DATA PROVIDED:
((

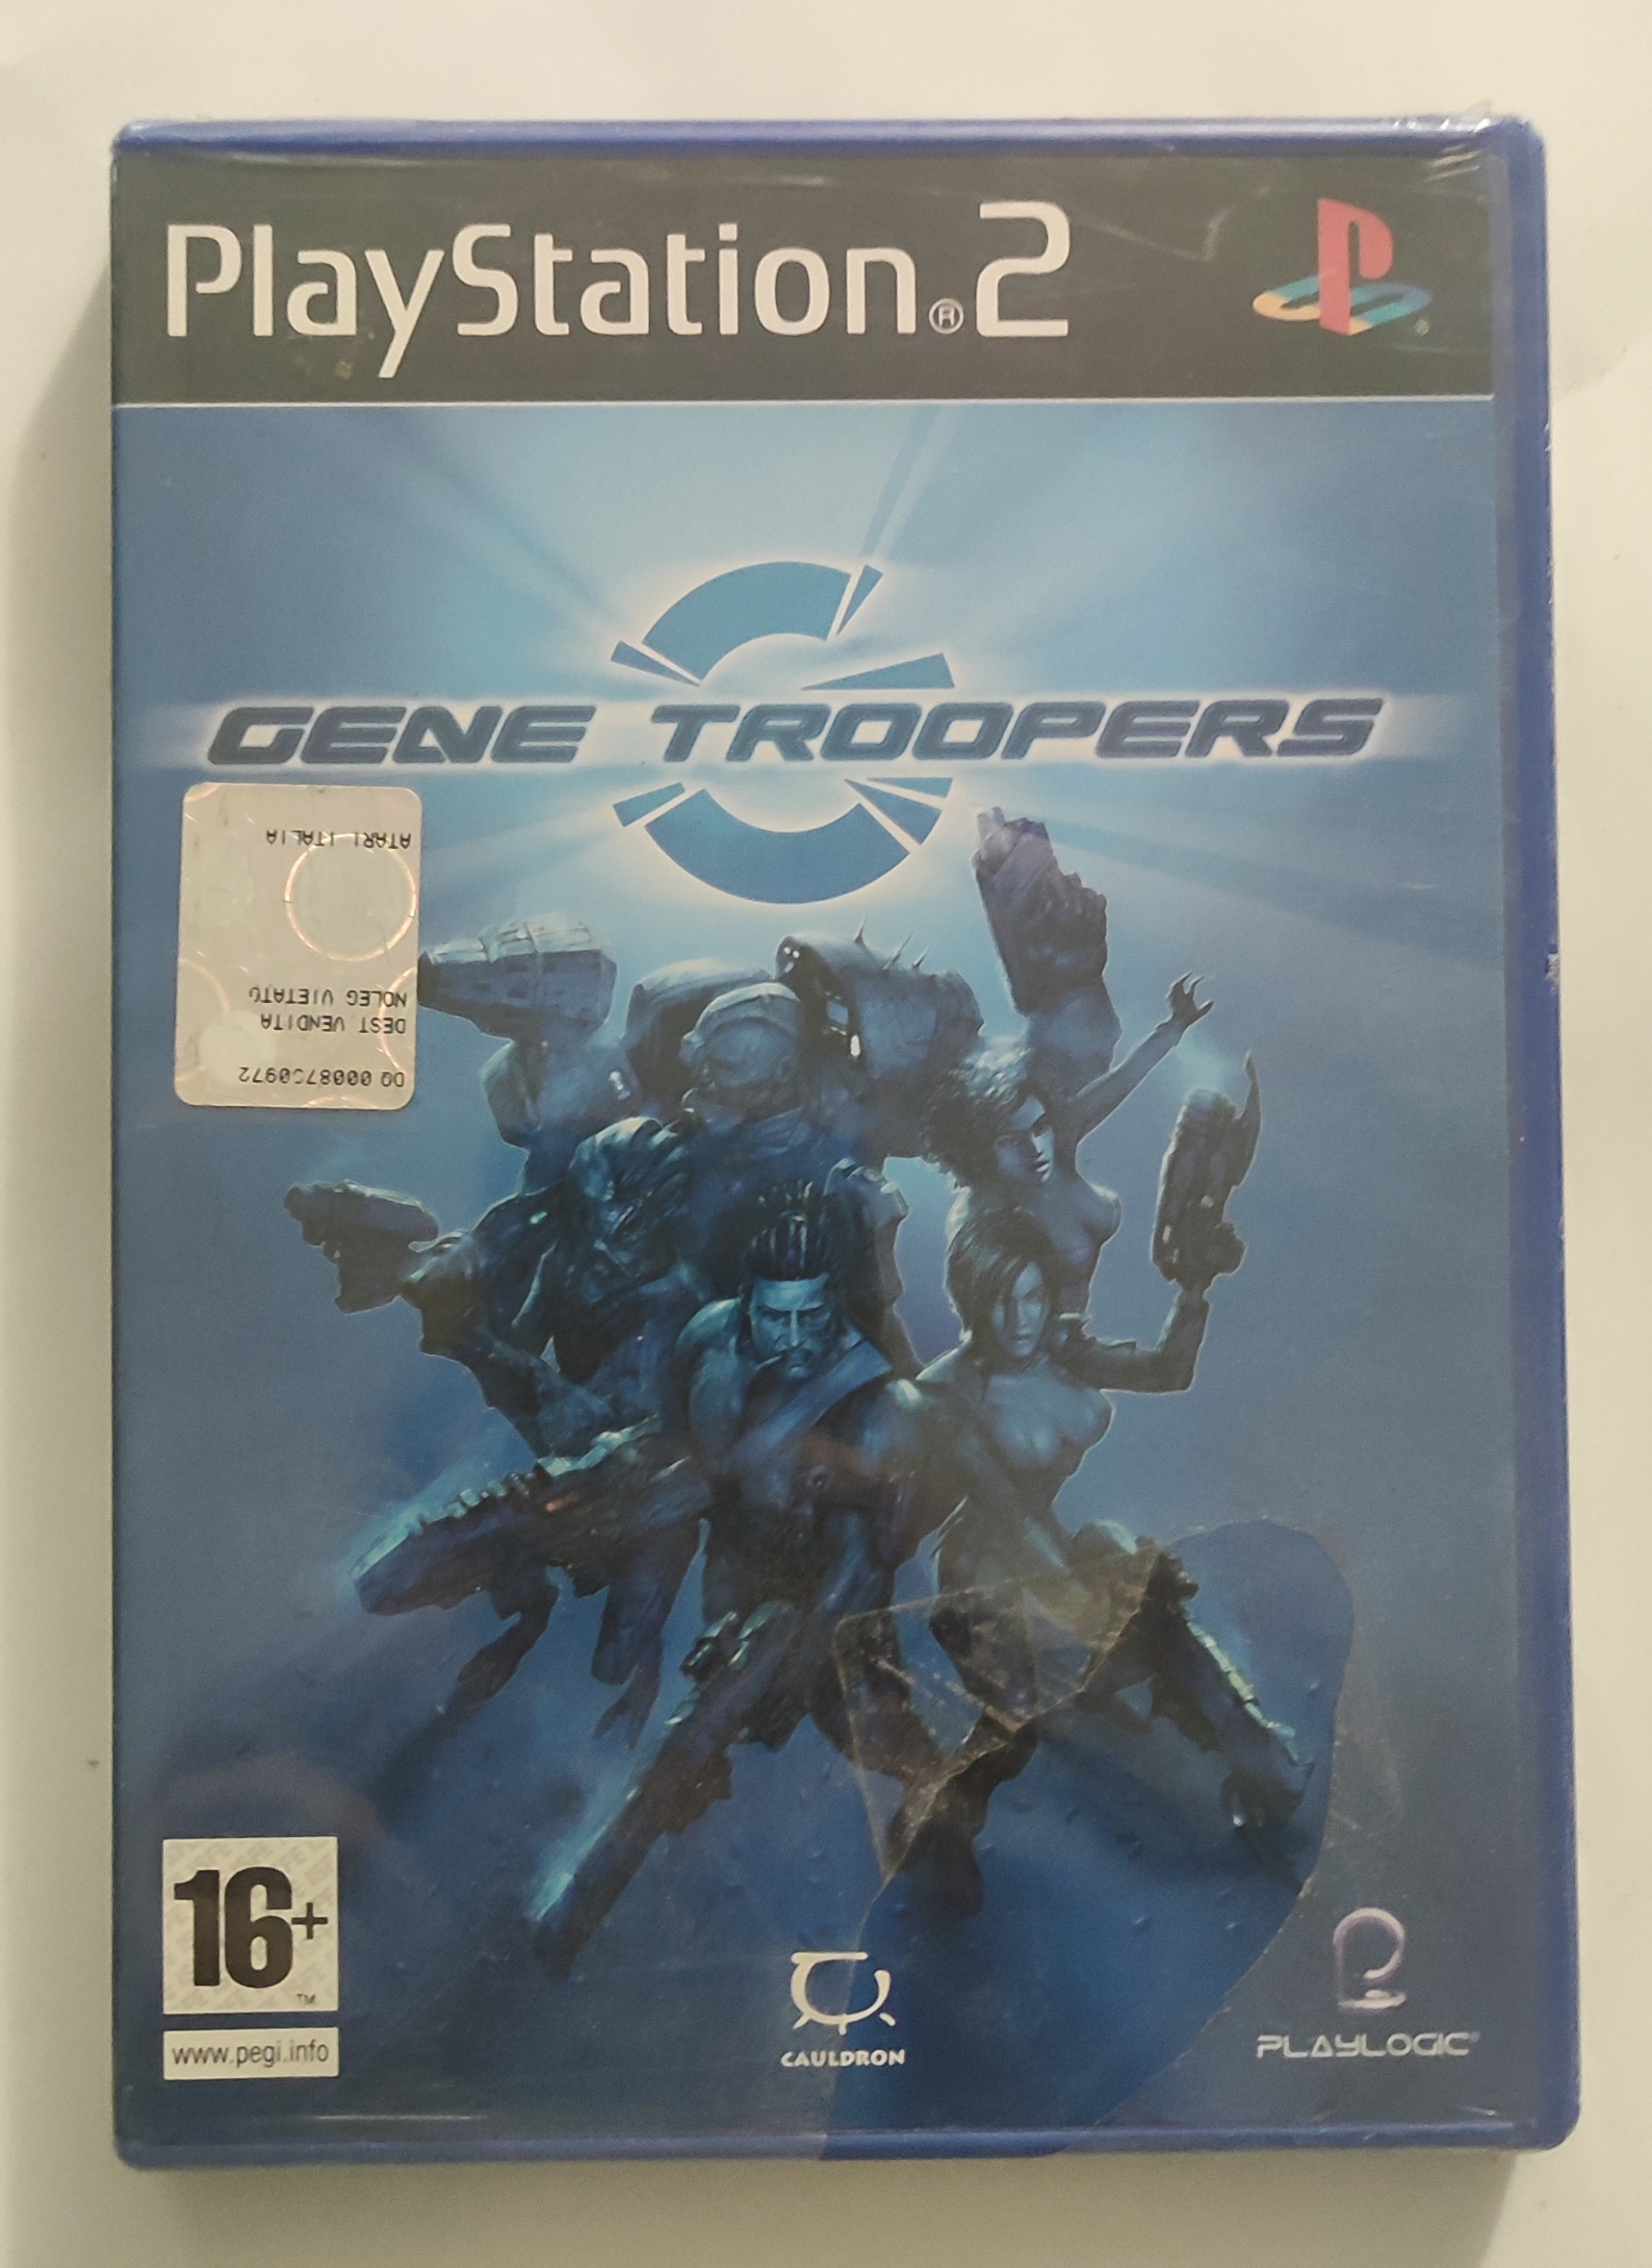 Playstation 2 PS2 - Gene Troopers - Sealed LL.
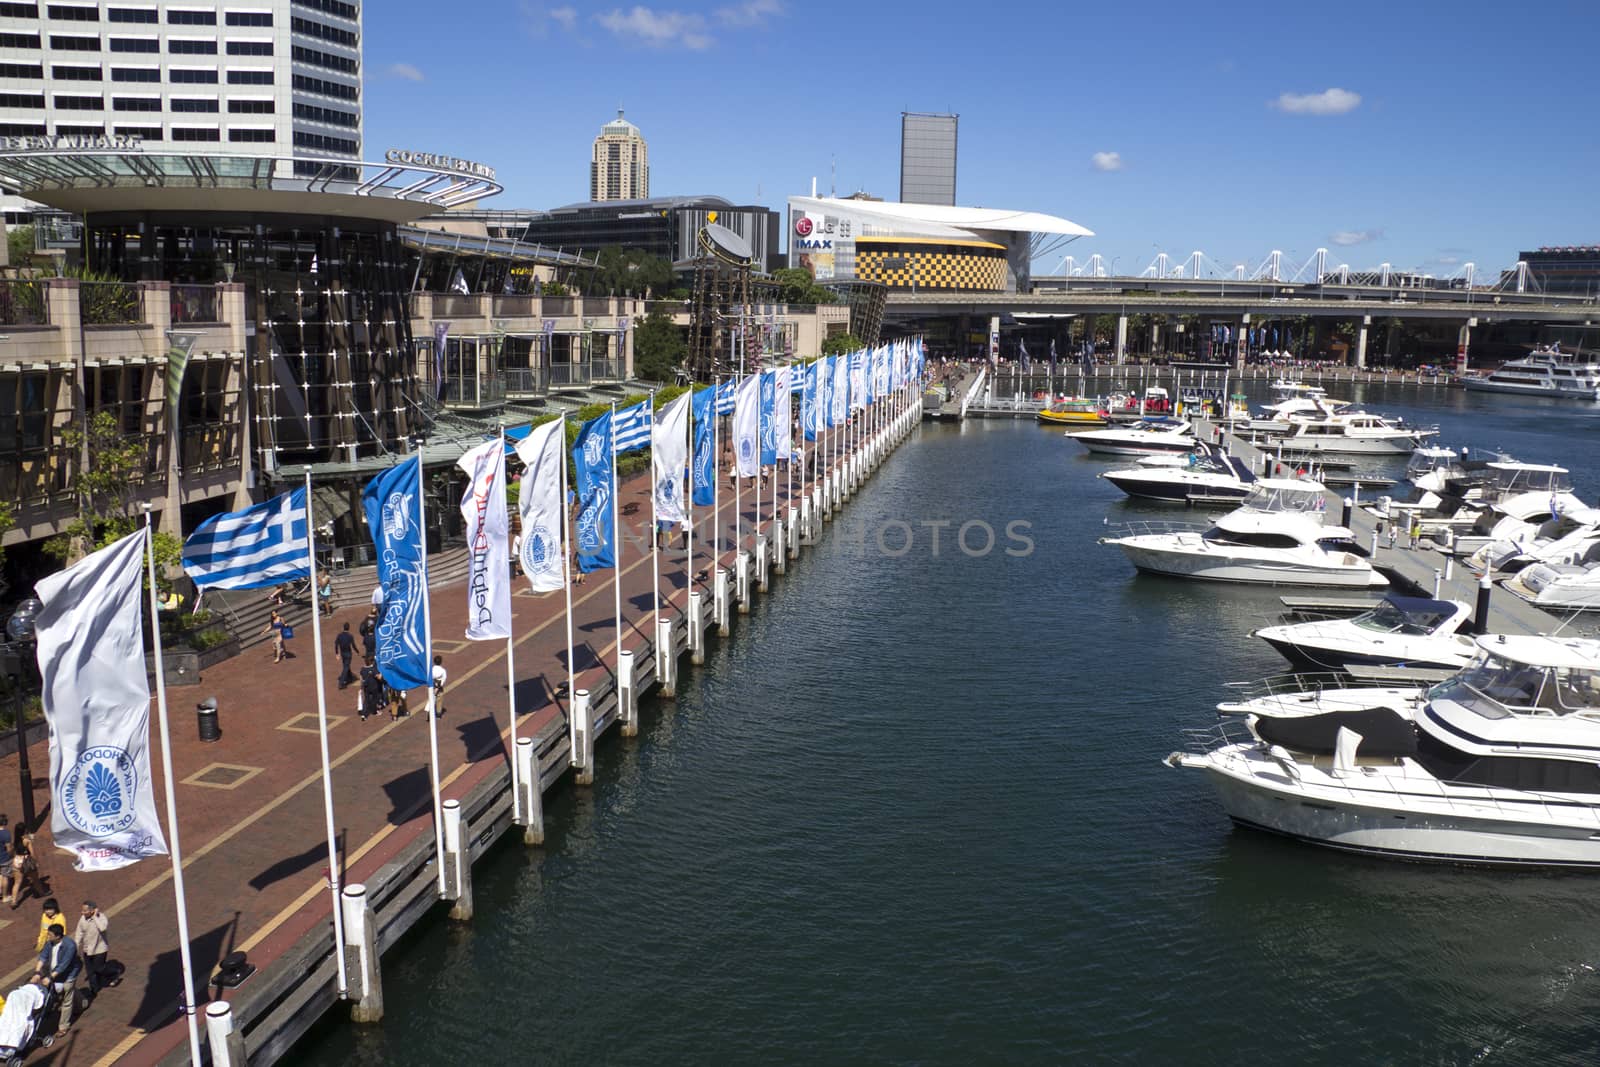 Sydney, Australia-March 17th 2013: Boats moored in the marina at Darling Harbour. The harbour is named after Ralph Daring who was Governor of NSW
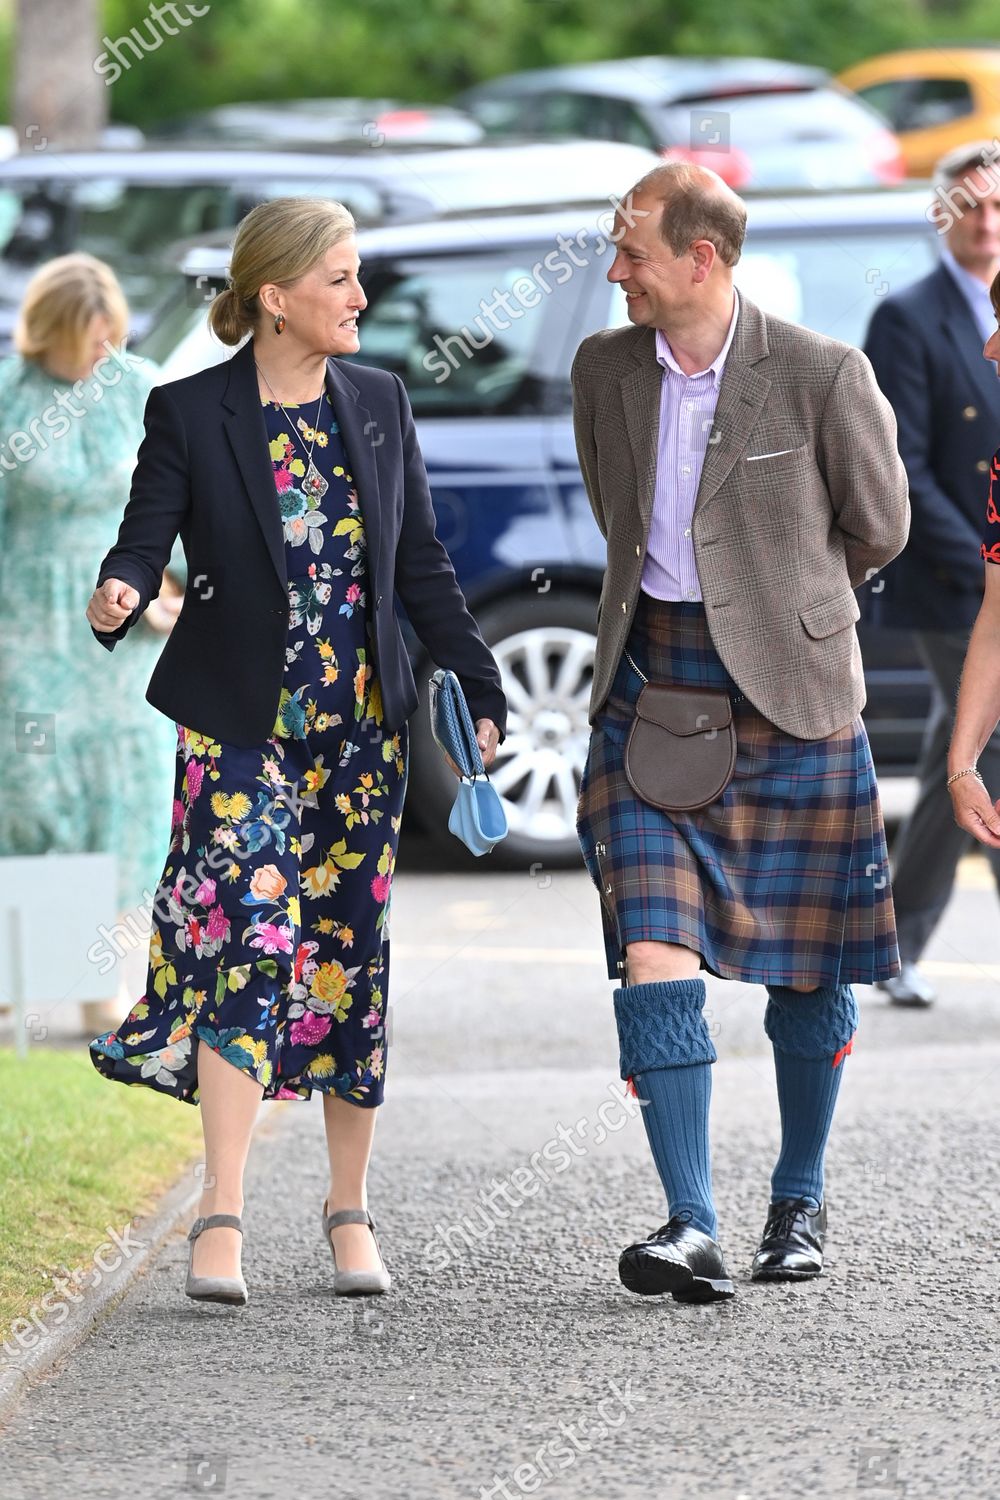 prince-edward-and-sophie-countess-of-wessex-visit-to-forfar-golf-club-scotland-uk-shutterstock-editorial-12172307l.jpg

))

WHAT TO PRODUCE: Print the material above once more, exactly. No pictures belong in it.

SOLUTION TO THIS TASK:
 Playstation 2 PS2 - Gene Troopers - Sealed LL.
 Sydney, Australia-March 17th 2013: Boats moored in the marina at Darling Harbour. The harbour is named after Ralph Daring who was Governor of NSW
 prince-edward-and-sophie-countess-of-wessex-visit-to-forfar-golf-club-scotland-uk-shutterstock-editorial-12172307l.jpg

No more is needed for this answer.